The awkwardness arises from your use of 'in a row'. You treat this as an adjectival phrase modifying 'the 5 days', and this is entirely proper. You've covered ideas 1 and 2.
However: there is a competing, and I should guess more common, use of '# Y in a row' as an adverbial phrase—'He went to church 5 Sundays in a row'. This use embraces both idea 2 and idea 3. If you say 'Employee A is called for 5 days in a row', 'each' or 'all' is redundant. But: this use does not accommodate idea 1 gracefully—its intension is consecutivity (idea 3) and comprehension (idea 2), and 'for the 5 days in a row' just isn't English idiom.

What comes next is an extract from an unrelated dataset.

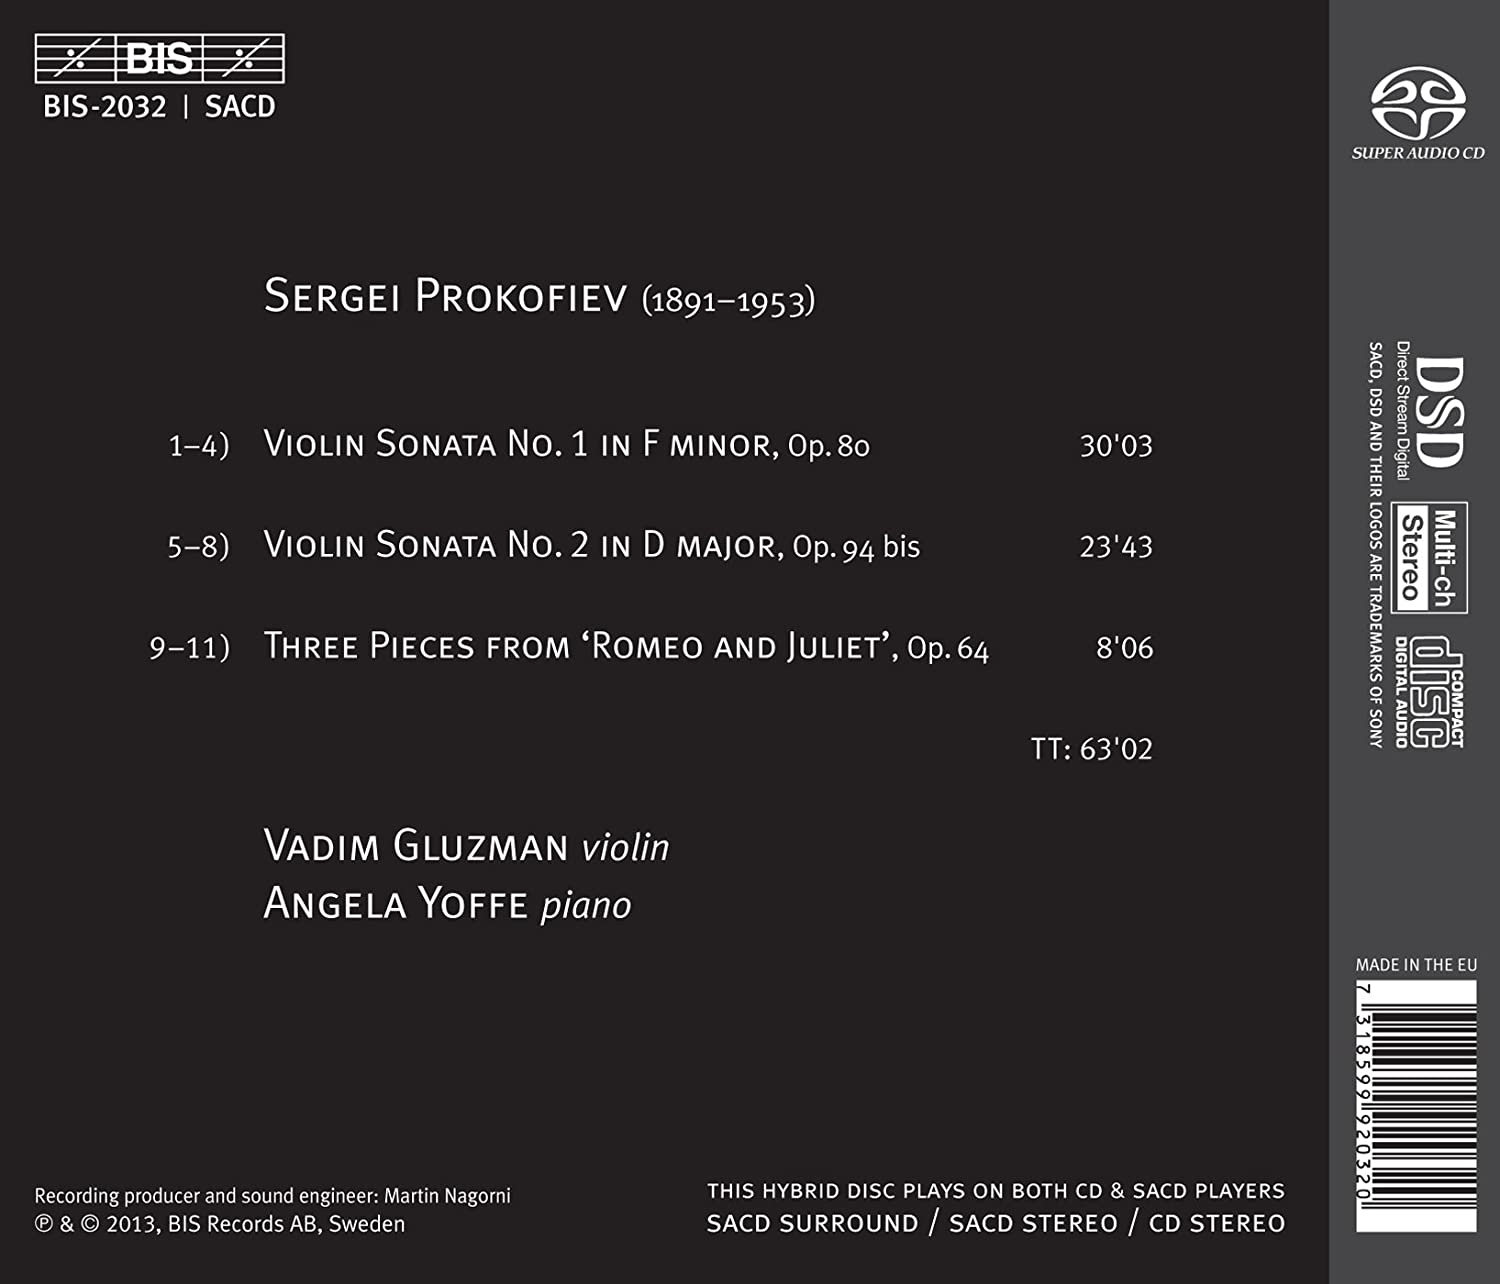 Vadim Gluzman 프로코피에프: 바이올린 소나타 1번, 로미오와 줄리엣 모음곡 (Prokofiev: Violin Sonatas, 3 Pieces from Romeo & Juliet)

So you're presenting your reader with two competing parsings of 'in a row'. What you need to do is either replace 'in a row' as your lexicalization of idea 2 or eliminate the second parsing by displacing idea 1. Which you choose depends on where you want to put your focus. Your 'the' implies that the date in question has already been specified, so something like one of these:
- Employee A has a shift planned for all of these five consecutive days.
- Employee A has a shift planned for five days in a row at this time.